Ripensando alla vita sacerdotale di don Armido, al suo ministero instancabile, alla sua dedizione per il bene delle persone, al suo generoso sostegno a tanti missionari impegnati nel servizio del Vangelo in diverse parti del mondo, soprattutto dell’Africa, vedo la mano provvida di Dio, nostro Padre, che lo ha condotto e preparato alla chiamata che gli è giunta improvvisa, ma che certamente non lo ha trovato impreparato.

Nella seconda lettura l’Apostolo Paolo ci ricorda il centro, il fondamento della nostra fede e della nostra speranza: «siamo convinti che colui che ha risuscitato il Signore Gesù, risusciterà anche noi con Gesù e ci porrà accanto a lui» (2Cor 4,14). Questa fiduciosa certezza viene comunicata a tutti i credenti: anche se l’uomo “esteriore” – ossia l’uomo fragile, provvisorio – si va progressivamente disfacendo, quello “interiore”, vale a dire l’uomo spirituale, si rinnova di giorno in giorno. Occorre, perciò, non fissare lo sguardo sulle cose visibili, materiali, ma orientarlo verso quelle invisibili ed eterne.
L’Apostolo Paolo non insegna a disprezzare le realtà di questo mondo, non esorta al disimpegno o al disinteresse di fronte ai problemi di questo mondo, ma invita a dare loro il giusto peso e il giusto valore. I beni materiali non possono in alcun modo trasformarsi in idoli, non costituiscono il fine ultimo dell’esistenza.
Nell’ultimo versetto della prima lettura che abbiamo ascoltato, l’Apostolo proclama la sua gioiosa certezza: quando verrà disfatto questo corpo mortale, «la nostra dimora terrena, riceveremo un’abitazione eterna nei cieli, una dimora non costruita da mani d’uomo» (2Cor 5,1).

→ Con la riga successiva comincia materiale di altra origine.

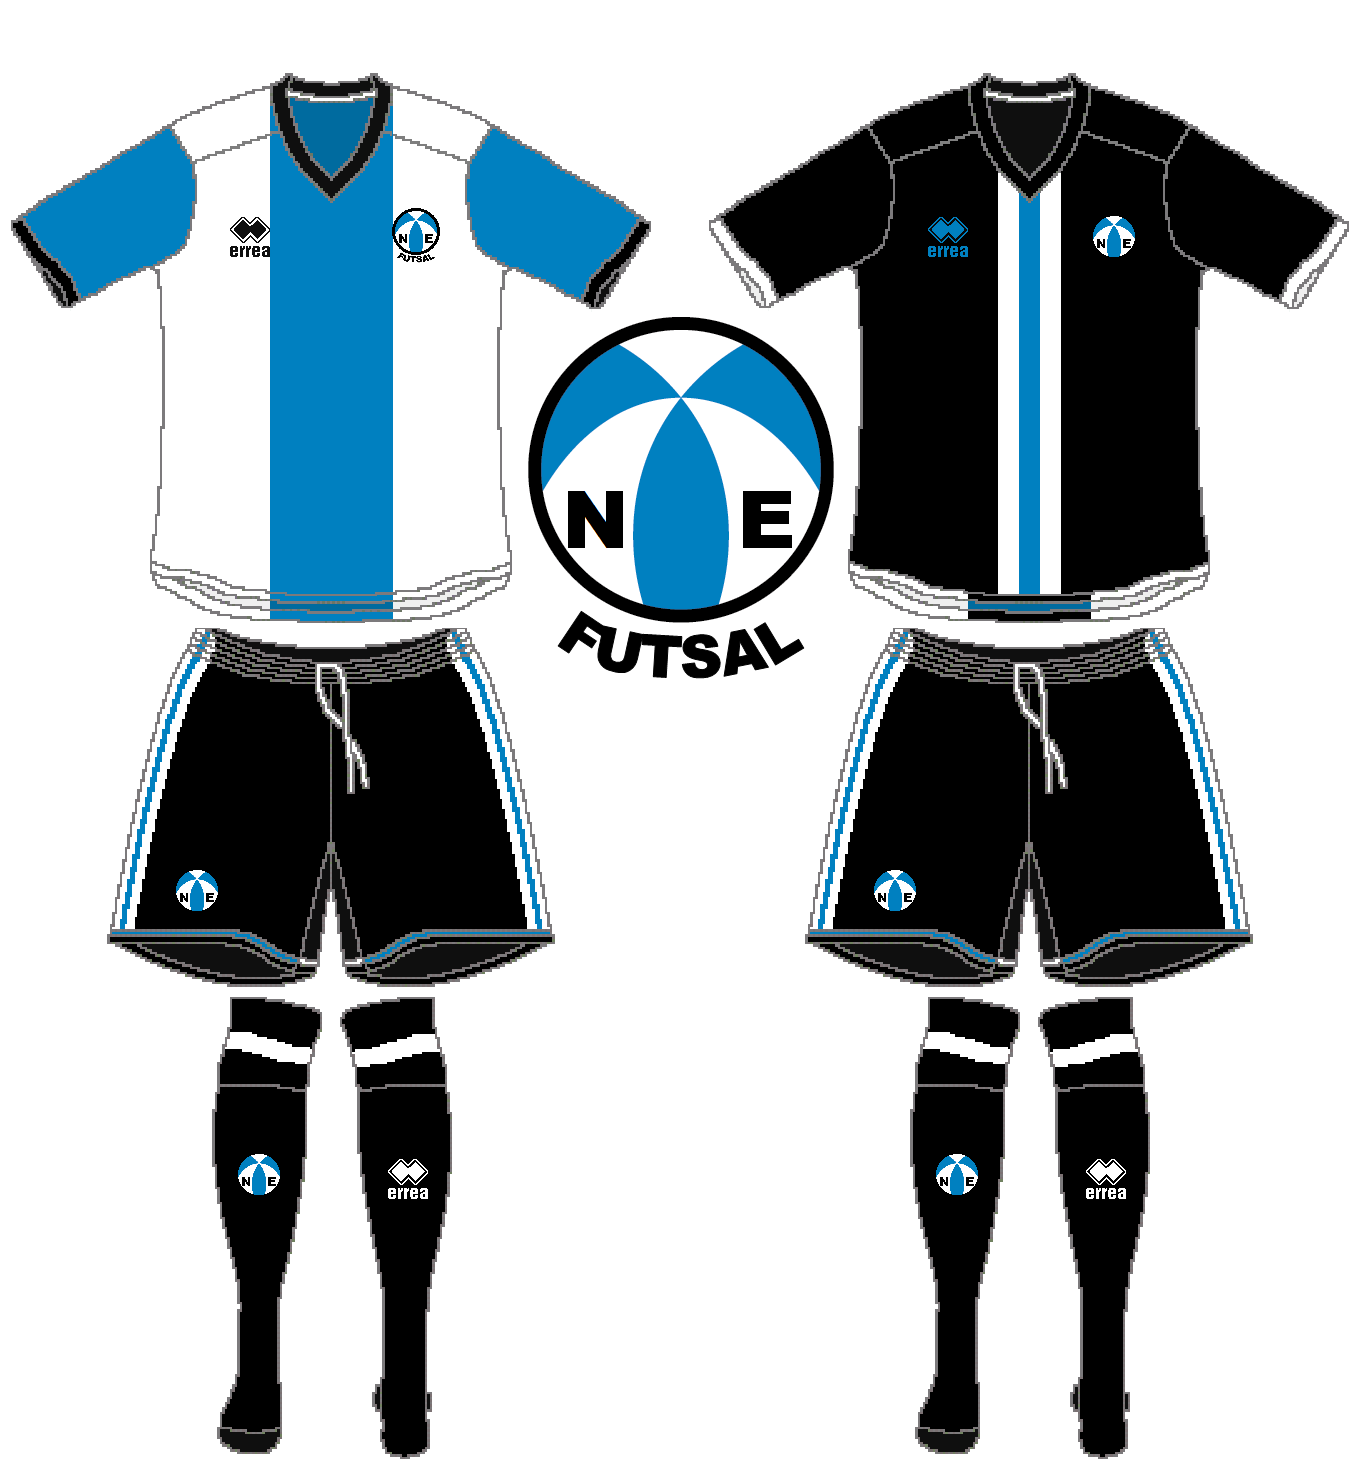 North East Futsal Crest Winner Announced | Logo design | News

Don Armido era prete da 67 anni: ogni giorno celebrava l’Eucarestia, si dedicava alla visita alle famiglie e agli ammalati. Per un disegno misterioso di Dio è morto all’improvviso a seguito di un drammatico incidente ma noi siamo convinti che sul suo volto sfigurato si è posata, dolce e pietosa, la mano paterna di Dio, che sana le nostre ferite e conforta gli spiriti affranti. Accanto alla bara di don Armido, arde il cero pasquale, annunzio della Risurrezione, sopra è aperto il Vangelo con le parole di vita che non passeranno. Poi circonderemo di onore e di amore il suo corpo con il profumo dell’incenso e con l’acqua, nel ricordo del Battesimo, germe di vita eterna.

O Vergine Santa, Madonna di Monteberico, voi tutti Santi e Beati della nostra Chiesa, Santa Giuseppina Bakita, venite incontro a don Armido per accompagnarlo insieme a Dio Padre buono e misericordioso.
E tu, don Armido, che noi amiamo pensarti davanti a Dio con la tua inseparabile bicicletta, intercedi per la nostra Chiesa di Vicenza perché il Signore le conceda la grazia di numerose vocazioni al Ministero Sacerdotale, alla Vita Consacrata e al Sacramento del Matrimonio. Amen!